Killed:这里代表的是终止的错误码。源码中如下:
enum killedstate
{
NOTKILLED=0,
KILLBADDATA=1,
KILLCONNECTION=ERSERVERSHUTDOWN,
KILLQUERY=ERQUERYINTERRUPTED,
KILLTIMEOUT=ERQUERYTIMEOUT,
KILLEDNOVALUE /* means neither of the states */
};
在错误码中代表如下:
{ “ERSERVERSHUTDOWN”, 1053, “Server shutdown in progress” },
{ “ERQUERYINTERRUPTED”, 1317, “Query execution was interrupted” },
{ “ERQUERYTIMEOUT”, 1886, “Query execution was interrupted,
maxstatement_time exceeded” },
4. 第四部分执行信息
这部分可能是大家最关心的部分,很多信息也是默认输出都会输出的。
# Query_time: 19.254508 Lock_time: 0.001043 Rows_sent: 0 Rows_examined: 0 Rows_affected: 0
# Bytes_sent: 44 Tmp_tables: 0 Tmp_disk_tables: 0 Tmp_table_sizes: 0
# InnoDB_trx_id: 0
对应代码:
my_b_printf(&log_file,
"# Schema: %s Last_errno: %u Killed: %u\n"

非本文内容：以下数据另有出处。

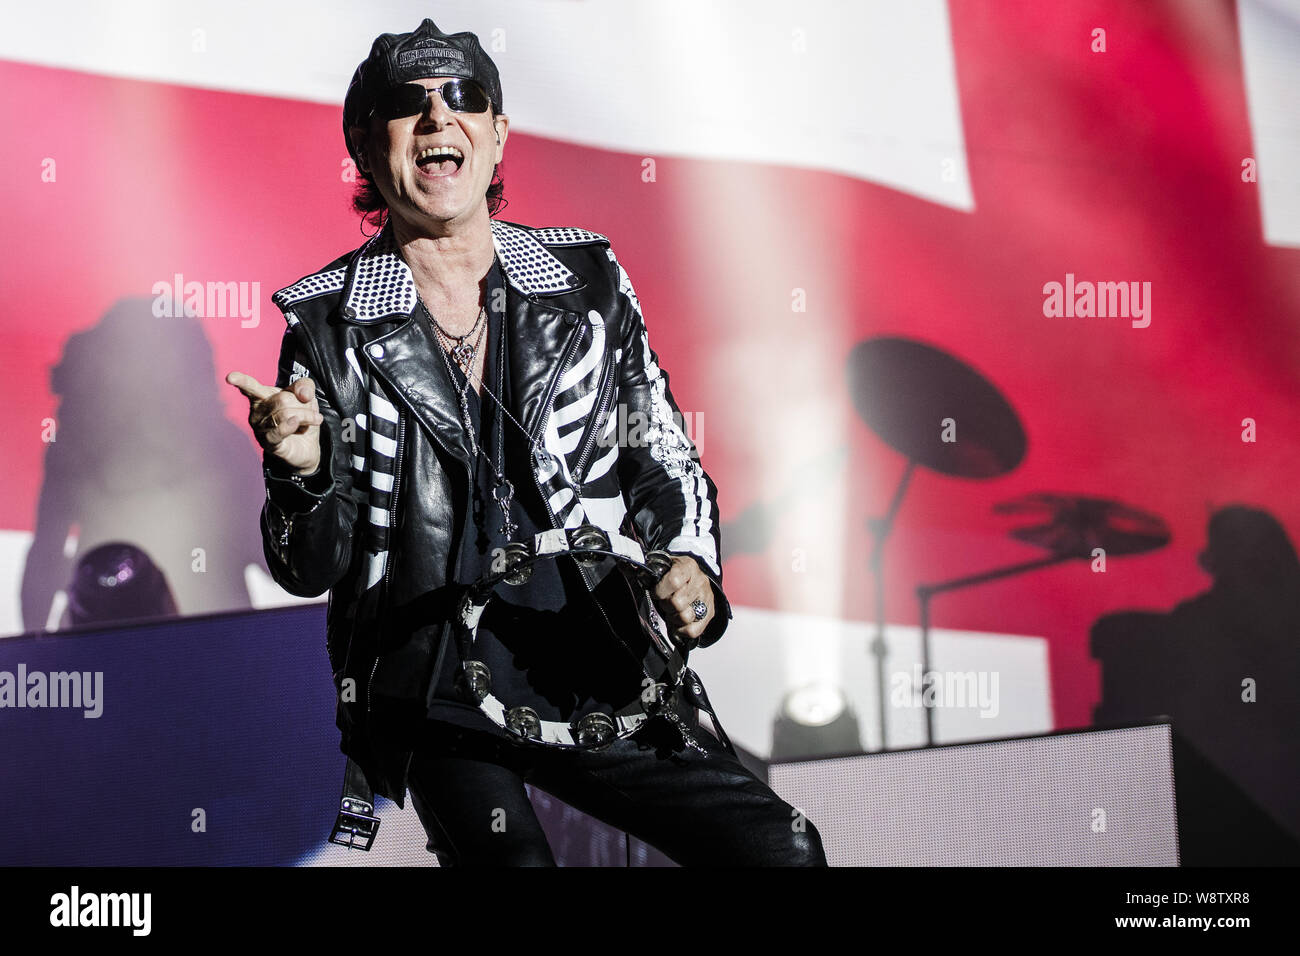 Scorpions perform live on stage at Bloodstock Open Air Festival, UK, 11th Aug, 2019. Stock Photo

"# Query_time: %s Lock_time: %s Rows_sent: %llu"
" Rows_examined: %llu Rows_affected: %llu\n"
"# Bytes_sent: %lu",
(thd->db().str ? thd->db().str : ""),
thd->last_errno, (uint) thd->killed,
query_time_buff, lock_time_buff,
(ulonglong) thd->get_sent_row_count(),
(ulonglong) thd->get_examined_row_count(),
(thd->get_row_count_func() > 0)
? (ulonglong) thd->get_row_count_func() : 0,
(ulong) (thd->status_var.bytes_sent - thd->bytes_sent_old)
my_b_printf(&log_file,
" Tmp_tables: %lu Tmp_disk_tables: %lu "
"Tmp_table_sizes: %llu",
thd->tmp_tables_used, thd->tmp_tables_disk_used,
thd->tmp_tables_size)
snprintf(buf, 20, "%llX", thd->innodb_trx_id);及thd->innodb_trx_id
我们来看看Query_time和Lock_time的源码来源,它们来自于Query_logger::slow_log_write函数如下:
query_utime= (current_utime > thd->start_utime) ?

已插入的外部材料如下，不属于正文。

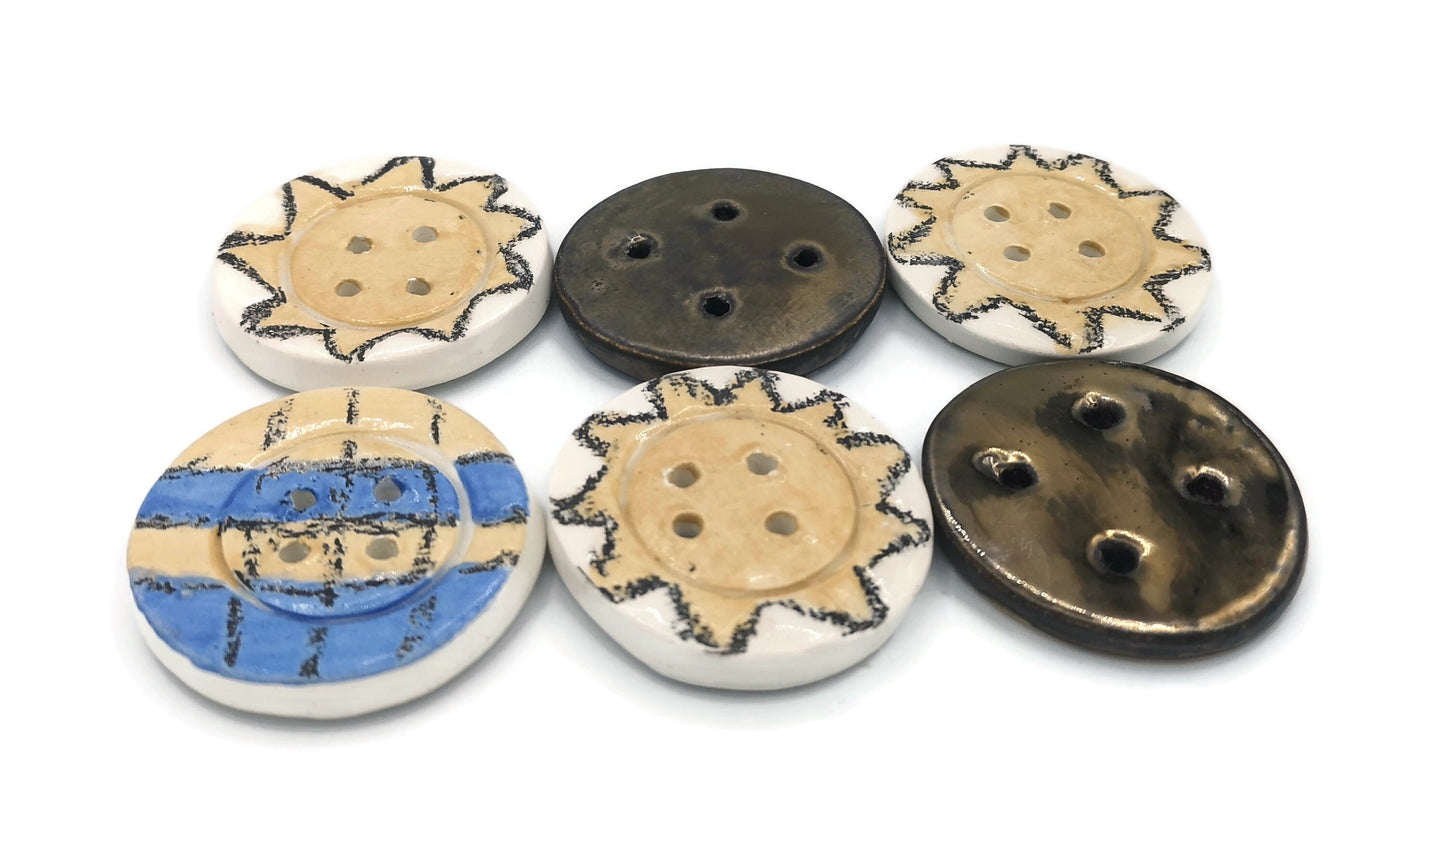 Set Of 6 Hand Painted Flat Buttons, Sun Buttons Sewing Supplies And Notions, Handmade Ceramic Strange And Unusual Metal Buttons - Ceramica Ana Rafael

(current_utime - thd->start_utime) : 0;
lock_utime= (thd->utime_after_lock > thd->start_utime) ?
(thd->utime_after_lock - thd->start_utime) : 0;
下面是数据current_utime 的来源,
current_utime= thd->current_utime();
实际上就是:
while(gettimeofday(&t, NULL) != 0)
{}
newtime= (ulonglong)t.tv_sec * 1000000+ t.tv_usec;
return newtime;
获取当前时间而已
对于thd->utime_after_lock的获取我已经在前文进行了描述,不再解释。
以上三个指标来自于:
thd->tmp_tables_used
thd->tmp_tables_disk_used
thd->tmp_tables_size
这三个指标增加的位置对应在 free_tmp_table 函数中如下:
thd->tmp_tables_used++;
if(entry->file)
{
thd->tmp_tables_size += entry->file->stats.data_file_length;
if(entry->file->ht->db_type != DB_TYPE_HEAP)

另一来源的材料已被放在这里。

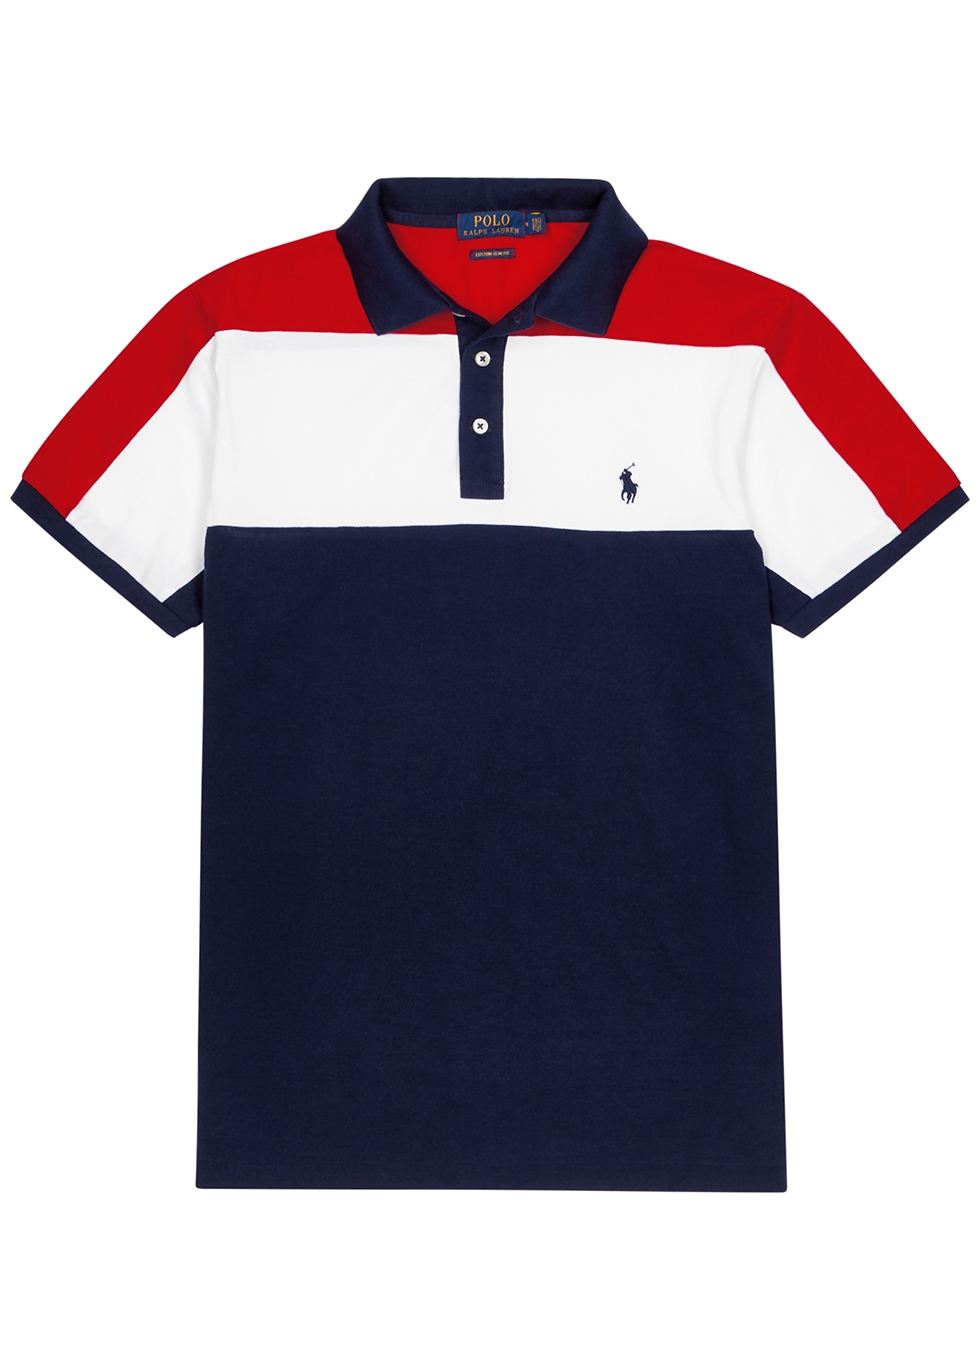 white and red ralph lauren polo

thd->tmp_tables_disk_used++;
}
InnoDB_trx_id:事物 ID,也就是 trx->id,/*!< transaction id */
5. 第五部分优化器相关信息
# QC_Hit: No Full_scan: No Full_join: No Tmp_table: No Tmp_table_on_disk: No
# Filesort: No Filesort_on_disk: No Merge_passes: 0
这一行来自于如下代码:
my_b_printf(&log_file,
"# QC_Hit: %s Full_scan: %s Full_join: %s Tmp_table: %s "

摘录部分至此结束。